18- A catheter based system wherein one or some of the probes are chemically functional ized and then can be used as biosensors to measure the concentration of at least one molecule or marker; and means for transmitting to the proximal end thereof the said measurement received from the said probe.

19- In addition to feature 18 above, the catheter may further comprise at least one piezoelectric ultrasound transducer allowing in vivo calibration of said probes and measurement of the volumic flow rate.

20- In addition to feature 19 above, there may be at least two pairs of piezoelectric transducers comprising two emitting transducers and two receiving transducers such that between said emitters and said receivers two angles are defined performing acoustic spectroscopy and platelet characterizations or acoustic interferometry

21 - The catheter may further comprise means to deliver active agents (drugs) for local therapy.
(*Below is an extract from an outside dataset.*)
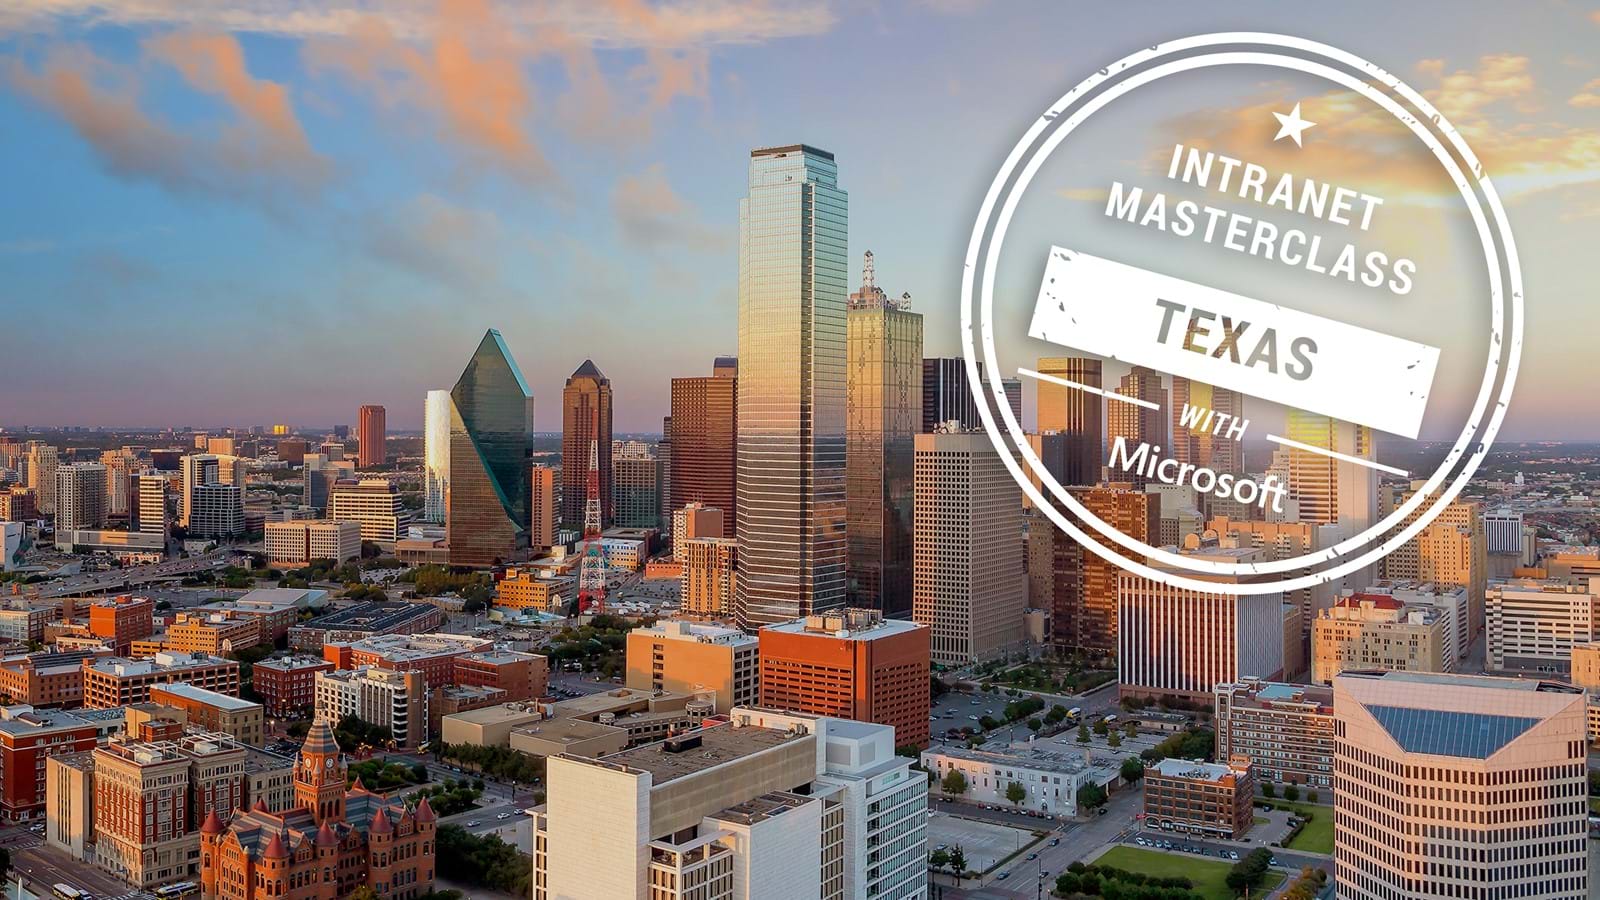 FREE Virtual Intranet Masterclass - Texas

22- The probes and/or said piezoelectric transducers may be embedded in fine folding elements (for example such as flexible wires or flexible optical fibers) allowing to explore various position and to perform functional and morphological (for example vascular remodeling) measurements.

23- The piezoelectric transducer may be used to perform quartz crystal microbalance function including operation in pulse mode in order to acquire information on viscoelastic properties and anisotropy of plaque and surrounding environment or molecule or marker identification.

24- The catheter based system may comprise at least one of said functionalized area mounted or coated on an expandable element assembly linked to the catheter. 25- The expandable elements may be configured to bow radially outwardly when the assembly is in the expanded or deployed position.

26- The catheter may be sized and configured for interrogation of human arteries or aneurysm diagnosis or heart valve performances.